Problems With Blog Stats

The Truth Laid Bear is famous for his Blogging Ecosystem. I'm sometimes surprised by how popular it is among some bloggers, especially because it lists only 3,372 weblogs (at this writing). By comparison, the Myelin Ecosystem currently lists 64,968 weblogs. The most comprehensive of all, however, seems to be Blogstreet, which lists 146,075 weblogs at this writing. The latter two do suffer a glitch, in that some non-blogs make it into their listings, which the Bear seems to have managed to avoid. But spurious entries seem to be a fairly small percentage of the latter two's content.

On the other hand, the Bear's system seems more fun.

For one thing, it's more fun because it ranks people as things like "Marsupials" and "Playful Primates" and so on. For another, it's more reactive: it not only counts permanent blogroll entries (which Myelin and Blogstreet do count), but also counts mentions within blog articles (which Myelin and Blogstreet do not). So if I mention Meryl Yourish in two different articles on my front page, and she's also on my blogroll, she gets counted three times by the Bear, and her ranking probably goes up a bit. On the other hand, if I don't mention her for a week, she only gets counted once by the Bear, and her ranking goes down a hair. Thus, the Bear's system is more fluid, measuring not just who's blogrolled by who, but also who's being talked about lately.

The Bear has also added another innovative feature: rankings based on traffic, rather than links. This has caused the ever-thoughtful Oscar Jr. to begin analyzing the link between blog links and blog traffic. His analysis is interesting, because he believes there are some blogs which are "blogger's blogs" (mainly only read by other bloggers) versus "popular blogs" that are read more by the masses. Unfortunately, while I am certain there is some truth to this, I'm not convinced we have enough data to be basing any firm conclusions upon.

To explain why, I'll have to break a rule I set for myself a few months ago. I said I'd stop talking publicly about how much traffic I get. It was fun to do that when I first got started, but after a while it started feeling like bragging. So I just quit discussing it.

But when the Bear started ranking blogs by traffic, I thought it would be fun to be included in such a ranking. The Bear's traffic-ranking uses Sitemeter, so to be a part, I just had to add Sitemeter to my blog's front page. I did that around 3pm on July 6th. Checking the stats now, at around 3:30 am on July 15, it shows my average daily visits at 857. This places me at position #49 on the Bear's list for traffic, even though on his main ecosystem I rank at #17. This would seem to imply that I am much more popular with other bloggers than I am with non-bloggers. Which would seem instructive.

But here's the problem: for the month of July, I've averaged 2,712 visits per day, not 872. Which would put me at very close to the same traffic level as my ranking, about the same as Jeff Jarvis, Winds of Change, or the Command Post.

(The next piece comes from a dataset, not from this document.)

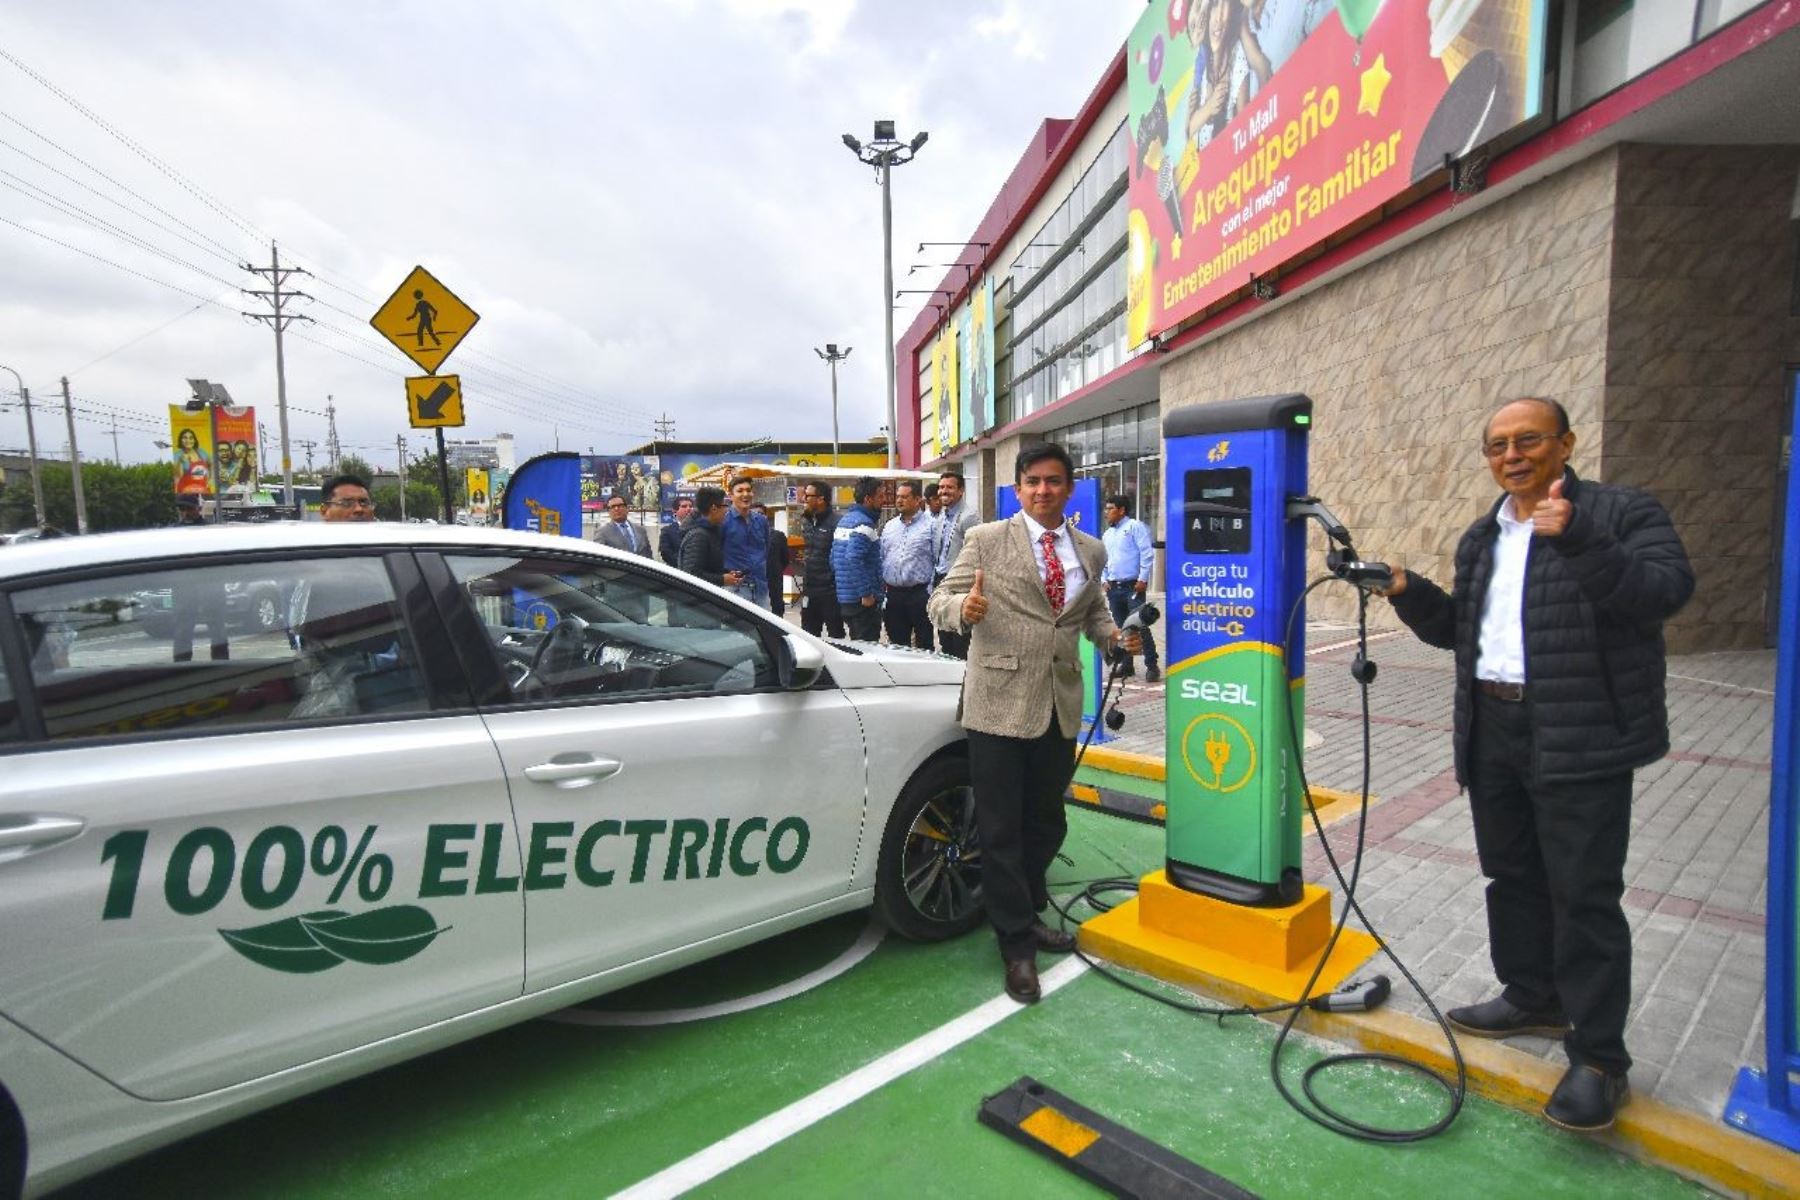 Viceministro de Electricidad, Jaime Luyo Kuong, participó en la inauguración de tres puntos de recarga para vehículos eléctricos en Arequipa. Foto: cortesía.

How do I know? Because for well over a year I've had an internal, non-public traffic checker called Cpanel X that tells me. I can go back to any point in the last year and tell you what my traffic was during any month, or even on any given day, and can even tell you where the traffic came from. But it's internal: the Bear can't see it.

Site Meter, which the Bear can see, is only measuring visits to my front page. In order for me to get it to measure my site with the same level of accuracy as Cpanel X, I'd have to put the Site Meter code on all my other pages, which I'm too lazy to do.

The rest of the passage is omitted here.